Das Weinen (Die Whänen), mise en scène de Christoph Marthaler, d’après l’œuvre de Dieter Roth

 En français Pleurer, s’illusionner : le titre allemand utilise des assonances à l’image du texte de Dieter Roth (1930-1998) à la base de ce spectacle. L’univers de cet artiste germano-suisse entre en résonance avec celui de Christoph Marthaler qui, pour ses mises en scène, pioche dans un recueil que lui avait offert l’artiste vers 1980. Das Weinen. Das Wähnen. Tränenmeer 4 (Pleurer, s’illusionner, Mer de larmes 4). Proche du mouvement néo Dada Fluxus, Dieter Roth pensait, un peu dans le sillage de Marcel Duchamp, que tout pouvait faire art: carnet de notes, table de travail, téléphone, jusqu’à la cuisine d’un ami qui sera vendue à un musée. Cet artiste a toujours entretenu un rapport particulier à l’écriture dans ses installations et livres d’art : «Rien n’est plus important qu’écrire, ou plutôt ruminer. Former des phrases.» Christoph Marthaler parle de lui comme d’un «écrivain maniaque, auteur de textes géniaux et apocalyptiques».

A l’inverse de l’univers ludique de son ami: ready-made, œuvres périssables comme un autoportrait en graines pour oiseaux, il transpose sa pièce dans l’atmosphère clinique d’une pharmacie car il s’est souvenu avoir rencontré Dieter Roth… à la pharmacie Schifflände à Bâle où il lui avait dit  que son écriture était « l’effet secondaire de tout ce qu’il fait au quotidien  » Et « cela a été une révélation, dit le metteur en scène: il me fallait une pharmacie propre, réaliste. C’était avant le covid.» 

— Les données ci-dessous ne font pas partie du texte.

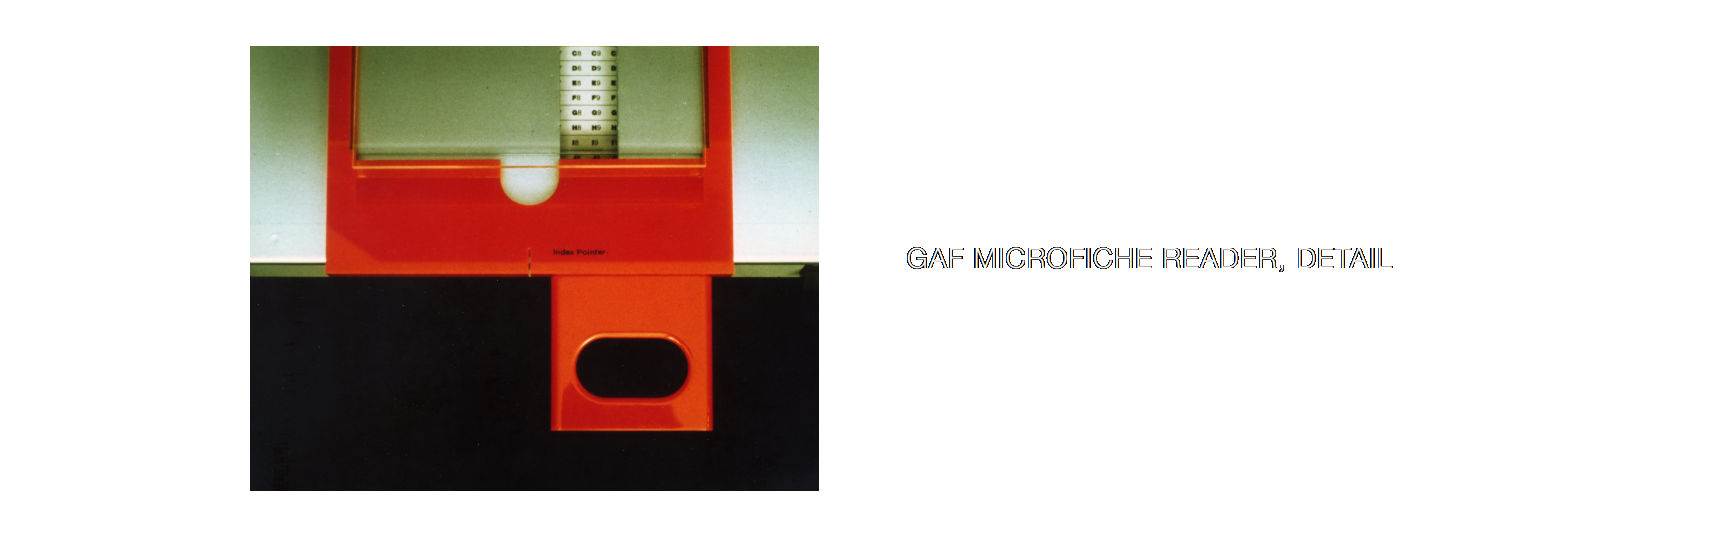 GAF Microfiche Reader, detail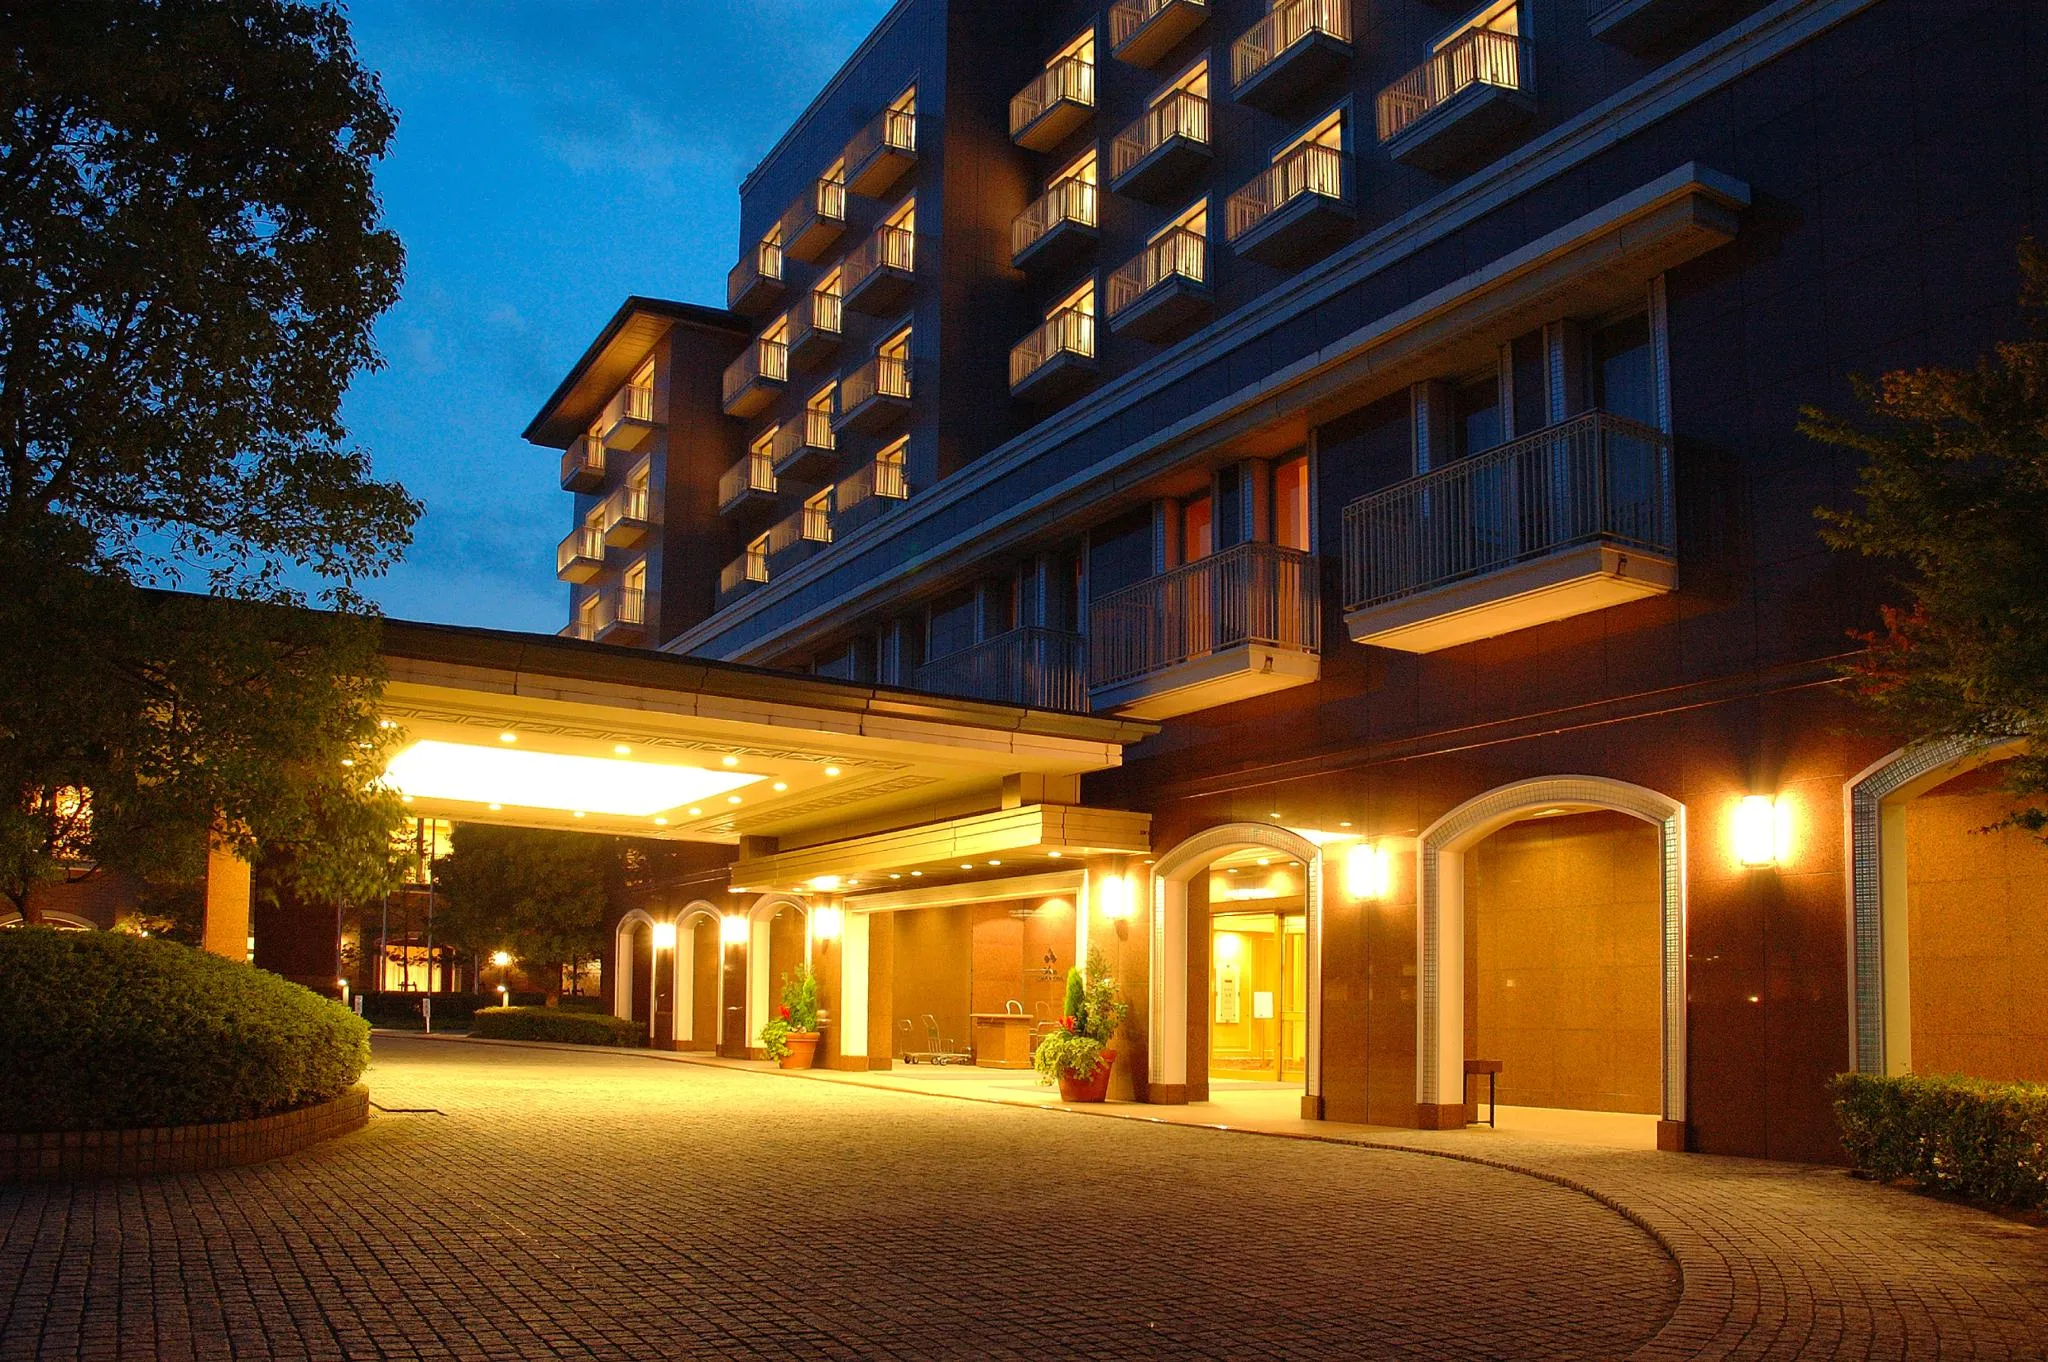 千葉で人気のホテル 旅館 21年 宿泊予約ならrelux

Das Weinen (Die Whänen) fut créée quelques jours avant le confinement, au Theaterspielhaus de Zürich mais, aujourd’hui, nous ressentons davantage l’étrangeté familière de ces  pharmaciennes revêches, tirées à quatre épingles qui règnent sur un monde glacial et qui évoluent selon une chorégraphie quasi-militaire. Elles son cinq, avec leur patronne, à s’activer selon des rituels répétitifs. Avec des mouvements sans objet, un langage cuit et recuit proche de textes surréalistes ou des nonsens de Lewis Carroll. « Balivernes ! » dit la cheffe qui se tient souvent à l’écart du groupe. Vacuité des activités humaines et usure du langage, corps qui s’étiolent dans les blouses blanches….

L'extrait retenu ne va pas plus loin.